Ésta guiñaba el ojo a Fabienne. Doutreval contemplaba entonces a su hija mayor, a su Mariette, que había hecho las veces de madre. Al pasar detrás de ella, se inclinaba hacia su hija, aspiraba la suave fragancia del espliego con que perfumaba la ropa blanca y los cajones y depositaba un beso de gratitud en sus claros y alborotados cabellos. Mariette le rejuvenecía. Una nueva vida alegraría pronto el hogar.

Con su talle abultado, con esa promesa de maternidad que llevaba en sí como una buena tierra generosa, despertaba en Doutreval un intenso sentimiento de emoción. Dentro de poco ella sería madre.

Y él sentaría en sus rodillas a los hijitos de Mariette. Iba a llenarse el vacío. E puesto del ausente volvería a ser ocupado. Había momentos en que se sentía más joven que el joven matrimonio.

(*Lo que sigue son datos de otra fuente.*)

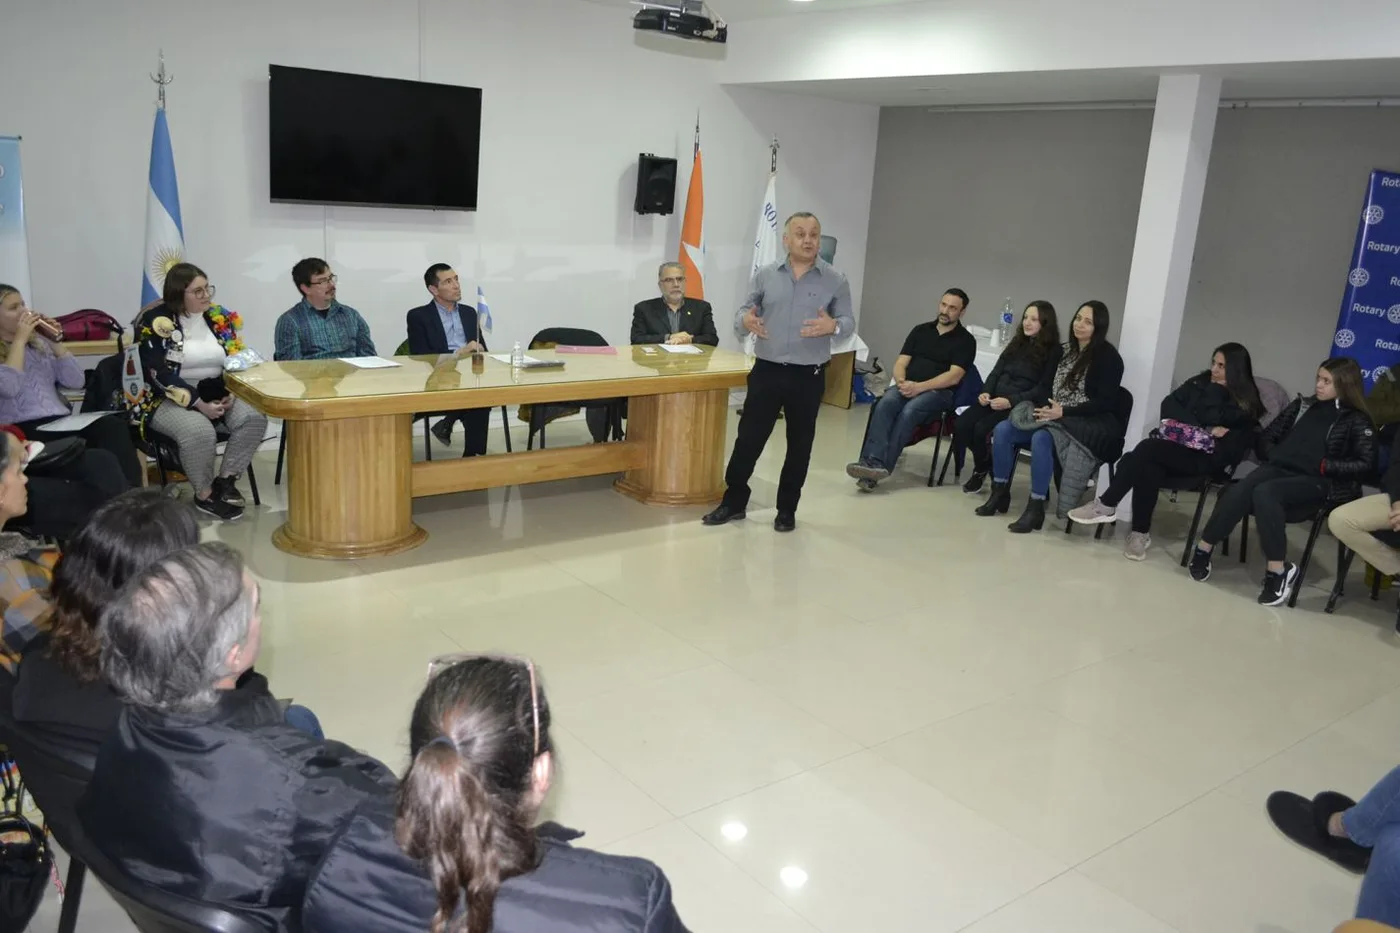 El Rotary Club Río Grande mantuvo una reunión con nueve postulantes al programa de intercambio internacional.

Preocupábase de la cuna y del cochecito y efectuaba numerosas compras, apasionándose por ello más que su yerno Ludovic Vallorge a quien tales actividades de Doutreval hacían sonreír.

Esperábase el acontecimiento para mediados del siguiente mes. Van der Blieck, el profesor auxiliar, especialista en obstetricia, tomó a Mariette a su cargo. Todo iría bien. Mariette era sana y robusta.

Ninguna herencia sospechosa. Una higiene excelente. Un solo inconveniente: Mariette era un poco estrecha de caderas pero un parto no es ninguna cosa fácil. El caso ideal no existe en Medicina.

Una mañana al llegar Ludovic Vallorge al hospital para prestar su turno de servicio, con sus internos Fleurioux y Cassaing y todos sus estudiantes, vio esperándole en la antesala de su despacho a una mujer con un chiquillo de tres años. Titular de la cátedra de cirugía infantil, Ludovic operaba con gran destreza a los niños. Sin embargo, no le gustaba practicar intervenciones. Poco apto para esas sangrientas actividades, habituado por su larga colaboración con Suraisne, el patrón desaparecido, a los silenciosos y apacibles trabajos del laboratorio, la práctica de la cirugía le era odiosa. No se atrevía a hablar de ello a nadie. Hubiera querido cambiar de puesto. Soñaba con una cátedra de medicina general; pero había que esperar a que se produjera una vacante. El profesor agregado Van der Blieck había finalmente obtenido su cátedra de ginecología, pero quedaba aún un competidor, Huot, que aborrecía también la cirugía y que aspiraba a la misma cátedra con el apetito aguzado por diez años de espera.

Sin contar a Flégier, que gracias a Géraudin había alcanzado la agregación el año anterior y que también formaba parte de las filas de la próxima promoción. Todo ello era harto delicado.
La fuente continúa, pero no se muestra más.